[OpenIndiana-discuss] OpenIndiana server networking problem.

Jim Klimov jimklimov at cos.ru
Tue Jul 2 16:01:37 UTC 2013


Hello Peter,

On 2013-07-01 23:49, DormitionSkete at hotmail.com wrote:
> The /etc/nsswitch.conf is the stock OI configuration.  I have not changed anything in it.

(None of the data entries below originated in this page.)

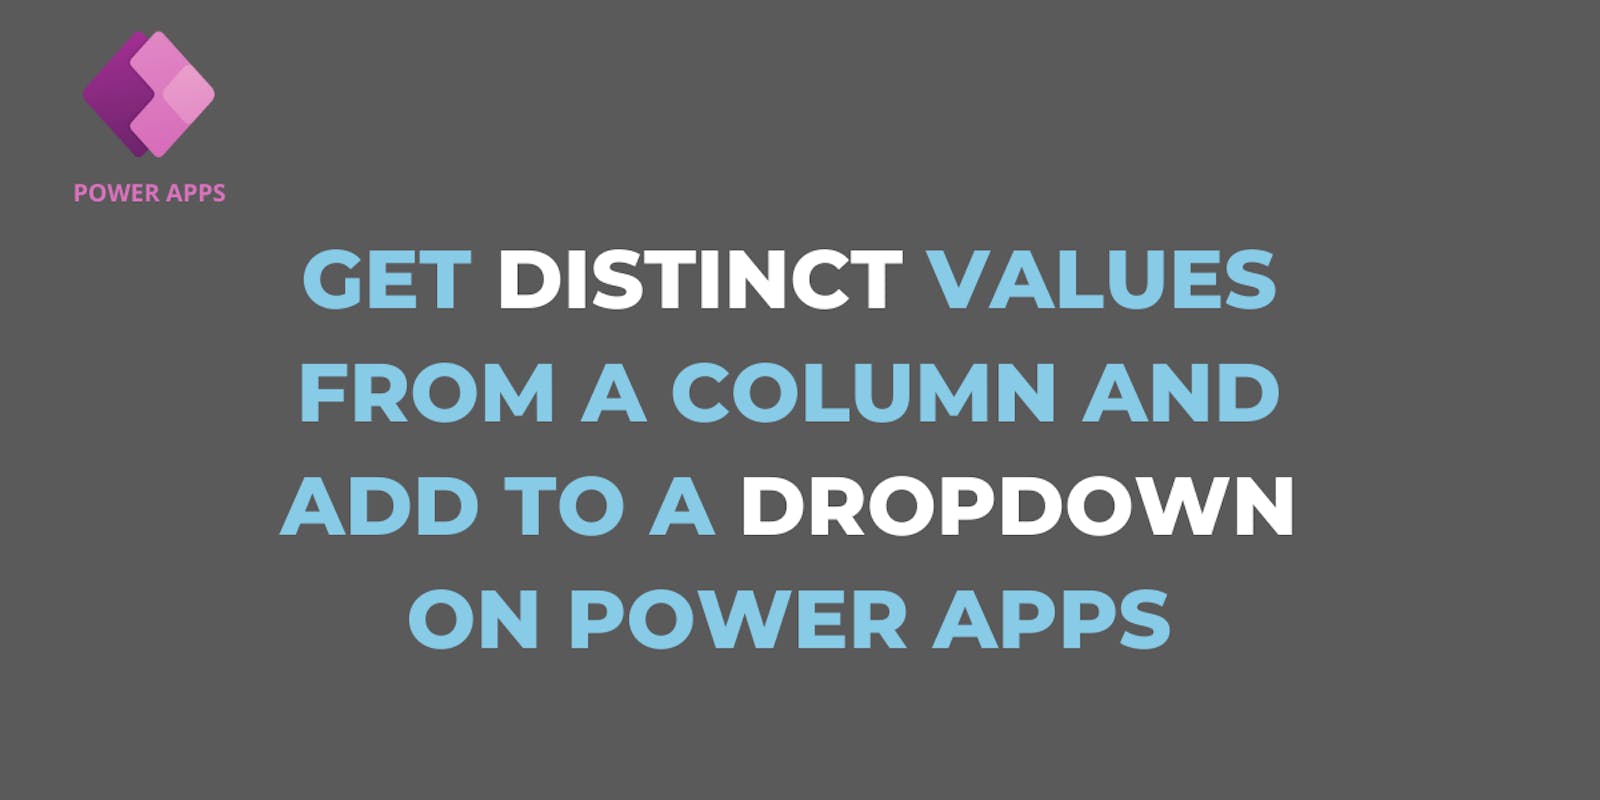 Get distinct values from a column and add them to a dropdown.
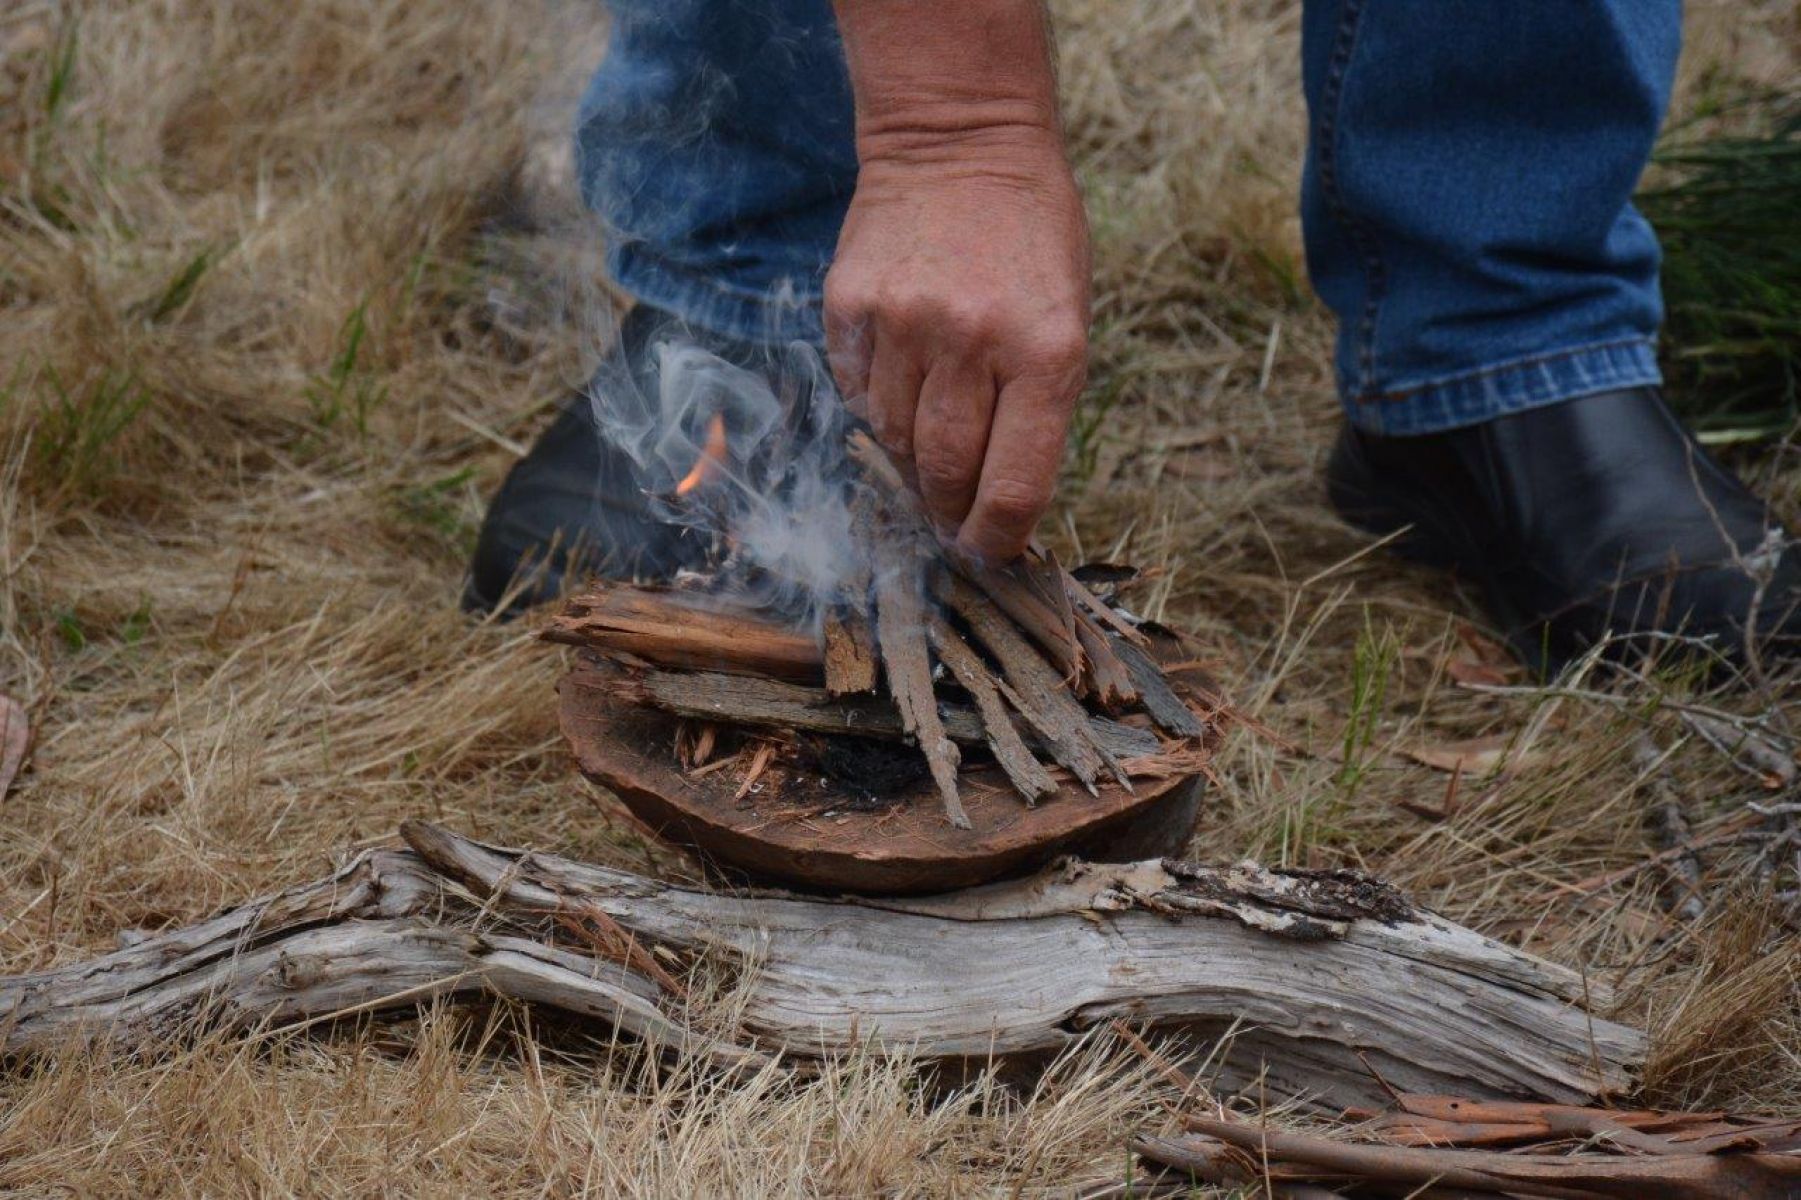 Image of a person hands and feet. They are bent down towards a small smoking ceremony fire, bark in a dish leaning on a large piece of wood. 
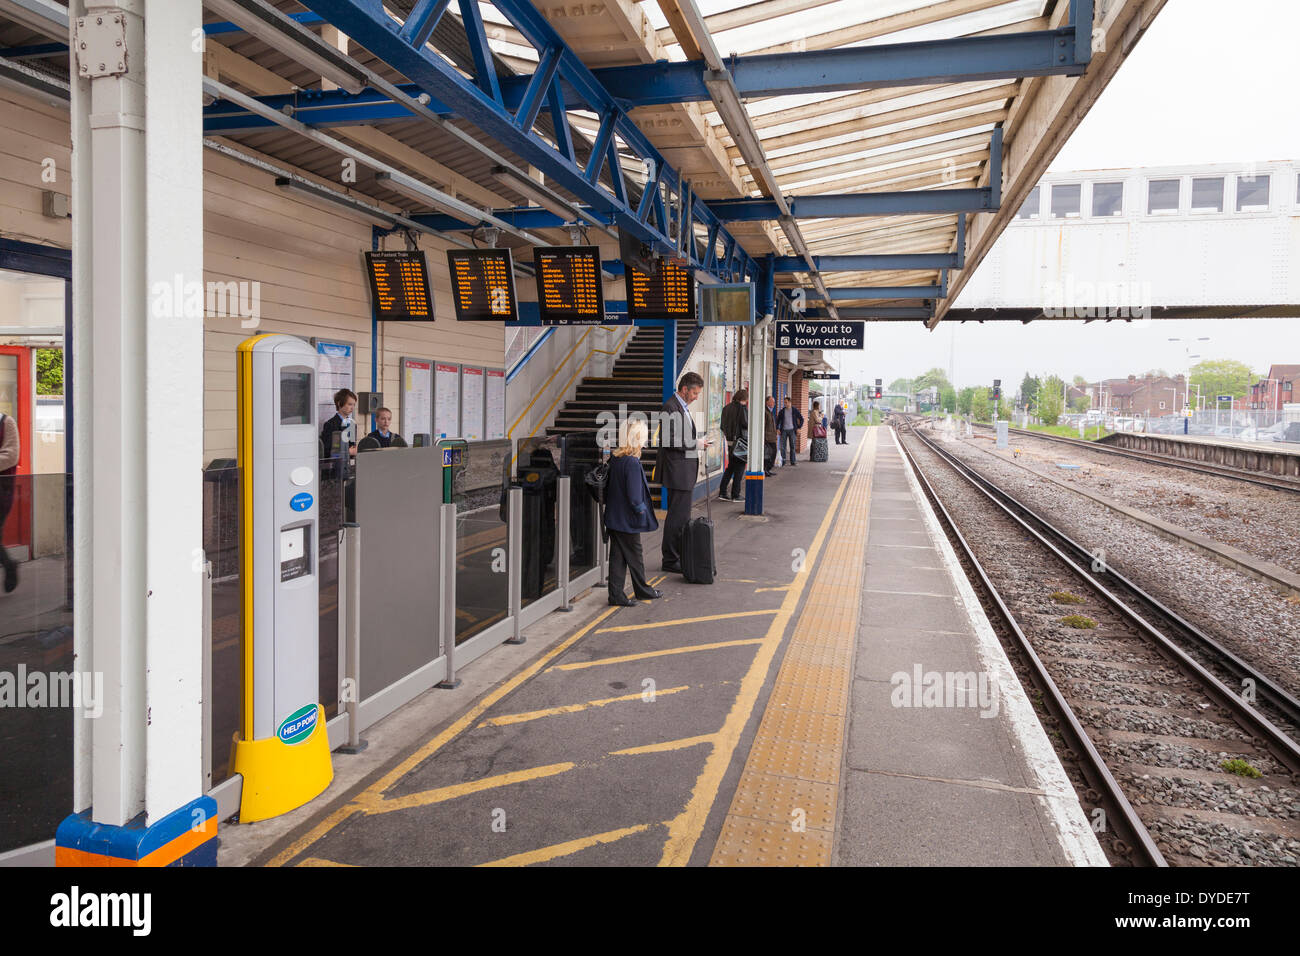 Passengers waiting for a train on a station platform. Stock Photo
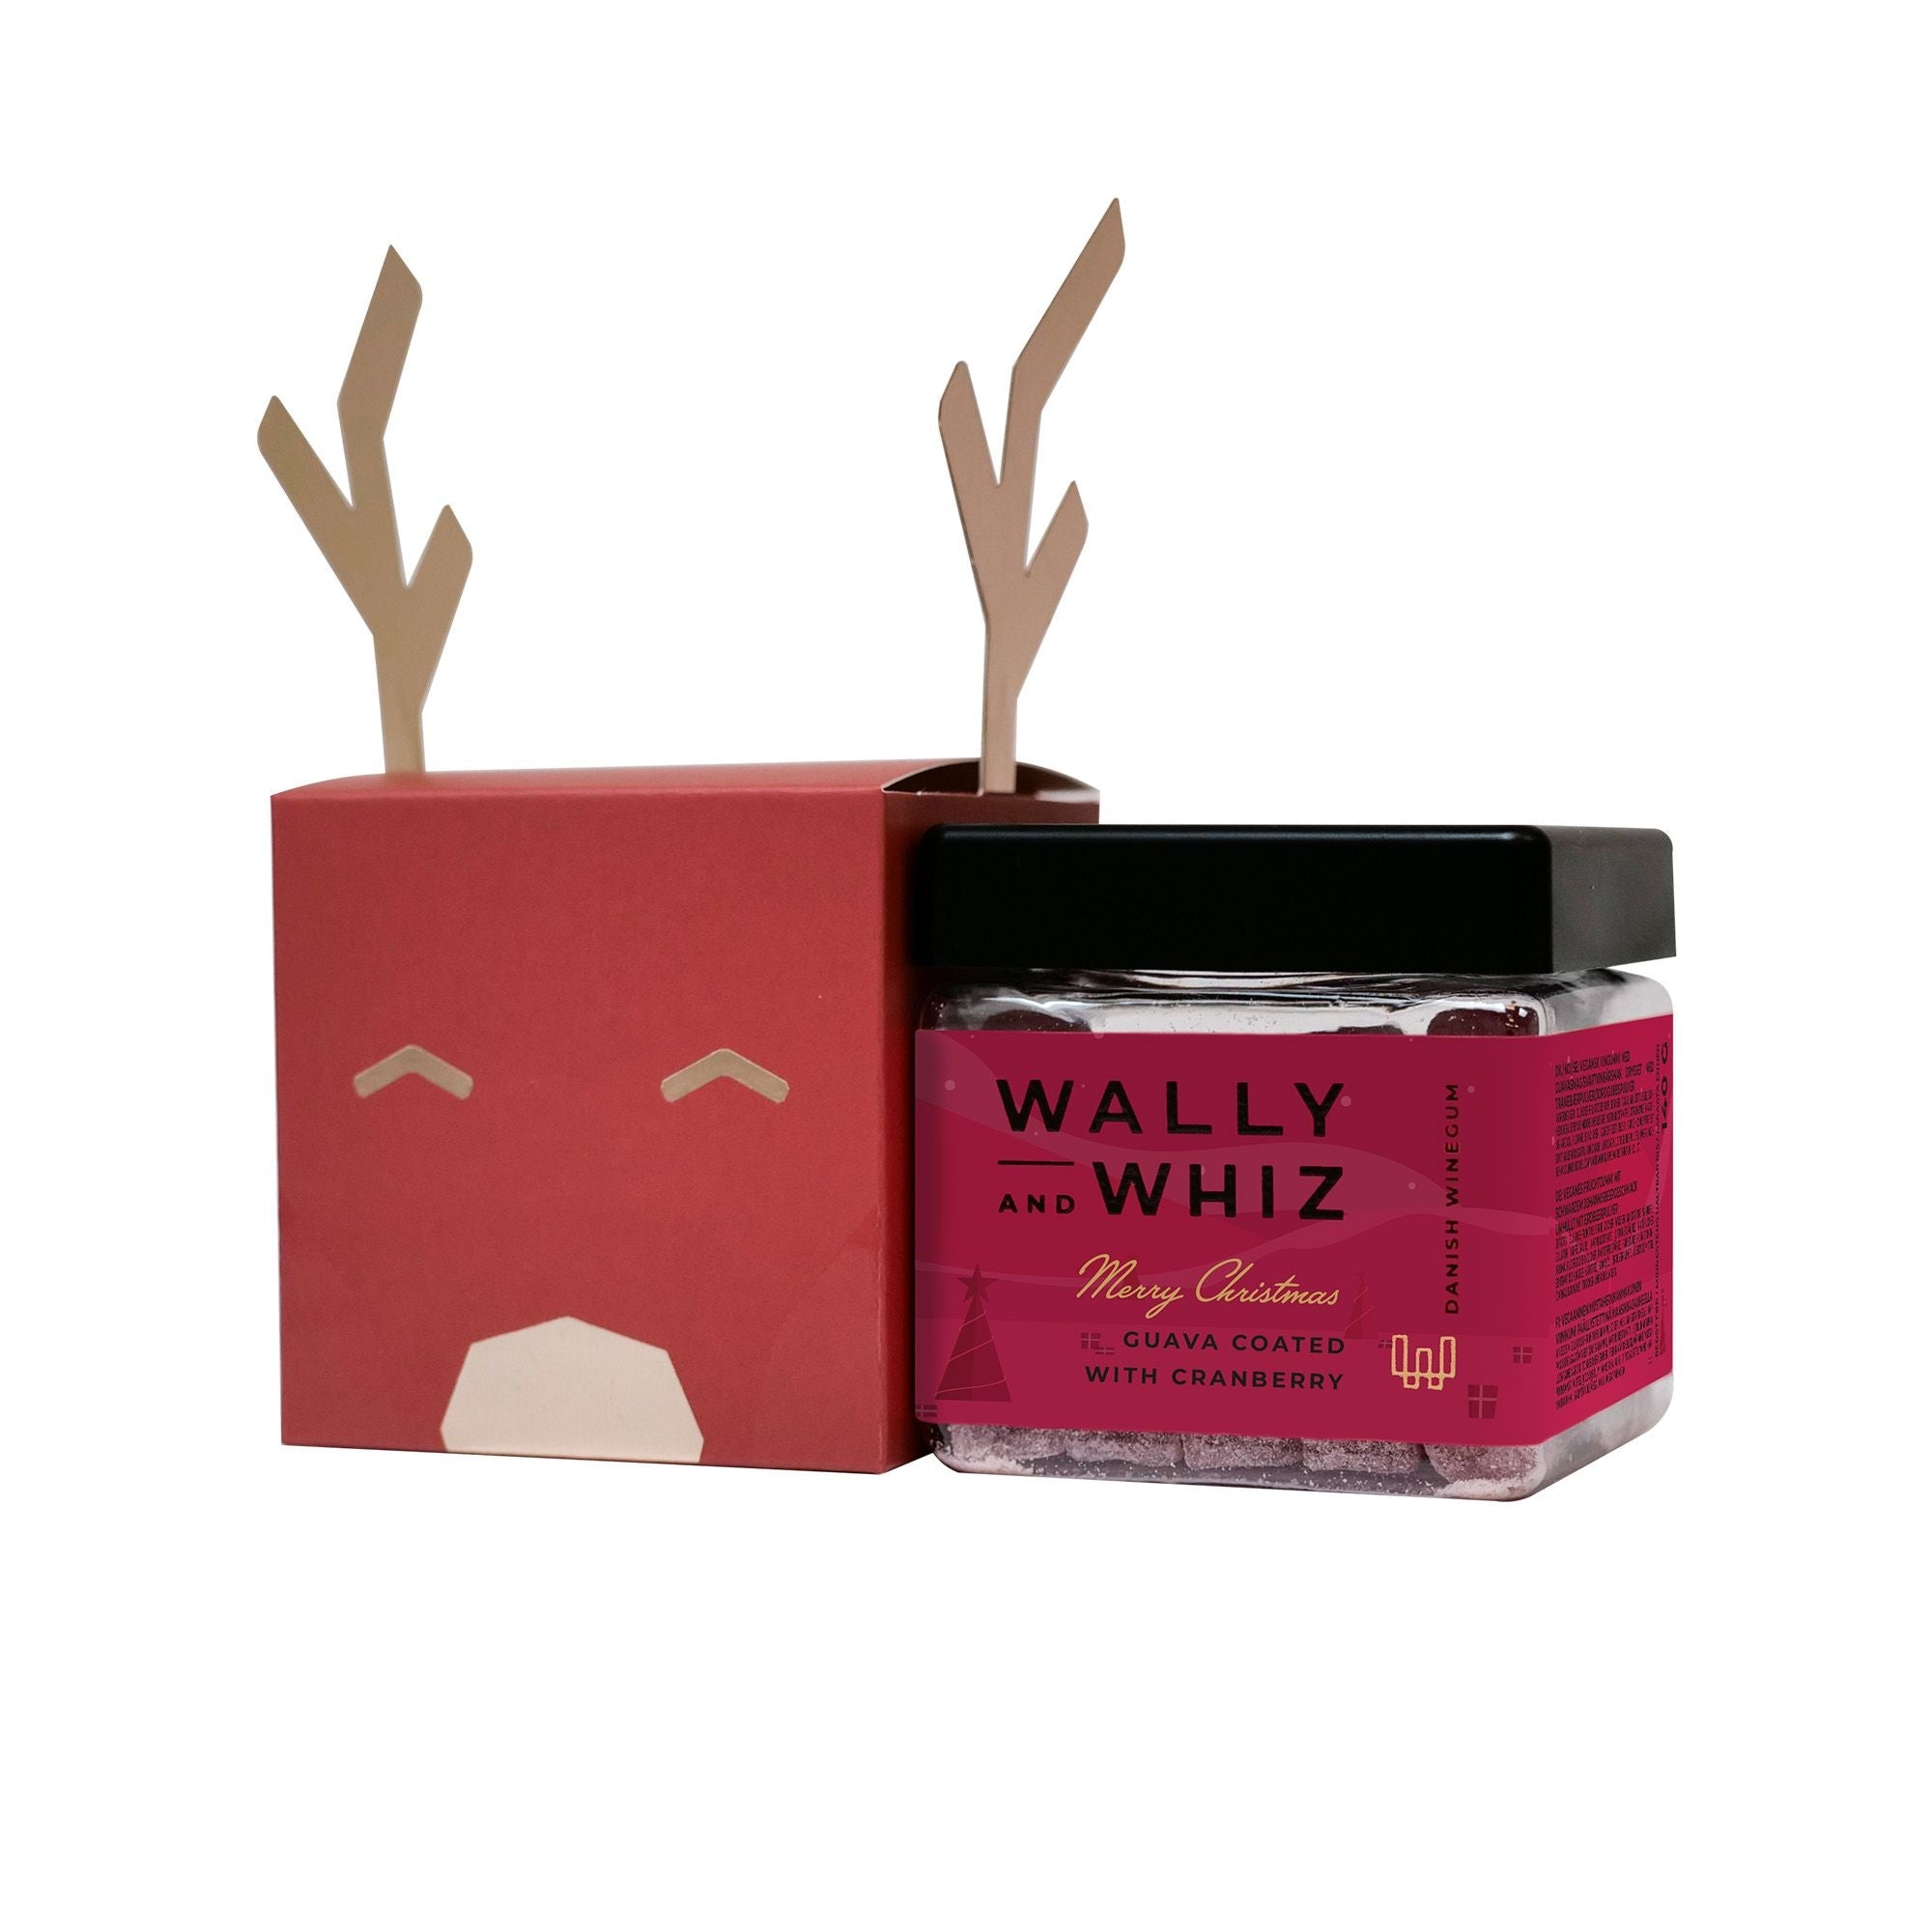 Wally And Whiz Lille Kube, Guava med Cranberry 140g

Actually, this may be the culprit for "not seeing hosts in the
internet": the default nsswitch may include only a configuration
for name lookups in the "files" database (basically in /etc/hosts)
and thus does not try to use DNS, LDAP, NIS or other possible
sources. There are several sample /etc/nsswitch.* files for other
default configurations (you likely want to take /etc/nsswitch.dns
and copy it over /etc/nsswitch.conf, if needed).

You can verify it thus:
jim$ grep hosts /etc/nsswitch.conf
# "hosts:" and "services:" in this file are used only if the
hosts:      files dns

In this example, the system is configured to first consult the
local /etc/hosts file, and if those lookups fail - go to DNS
as configured in /etc/resolv.conf. There you normally have two
types of entries: up to six "nameserver" lines with the DNS
servers, in order of preference. Usually these include local
DNS instances on your LAN which can resolve non-public names,
if any, and are also caching DNS servers for internet name
resolution by default, or the ISP's DNS servers, if known, so
as to reduce latency on name lookups. You can also use some
public DNS servers, popular ones include google's 8.8.8.8 or
4.2.2.4 (and a few neighboring IP numbers - these ones are
easier to remember and type).

> /etc/resolv.conf was empty.  I put "nameserver 192.168.0.1" in it, did a "svcadm restart network", but it did not seem to change anything with the netstat command.

Do you know for a fact (statement from the provider) that theirrouter 
("modem" as you wrote and which is likely not precisely
correct, as others have supposed in this thread) is configured
to be a DNS server/relay/whatever? Most access points and routers
are indeed configurable for this, but did you verify?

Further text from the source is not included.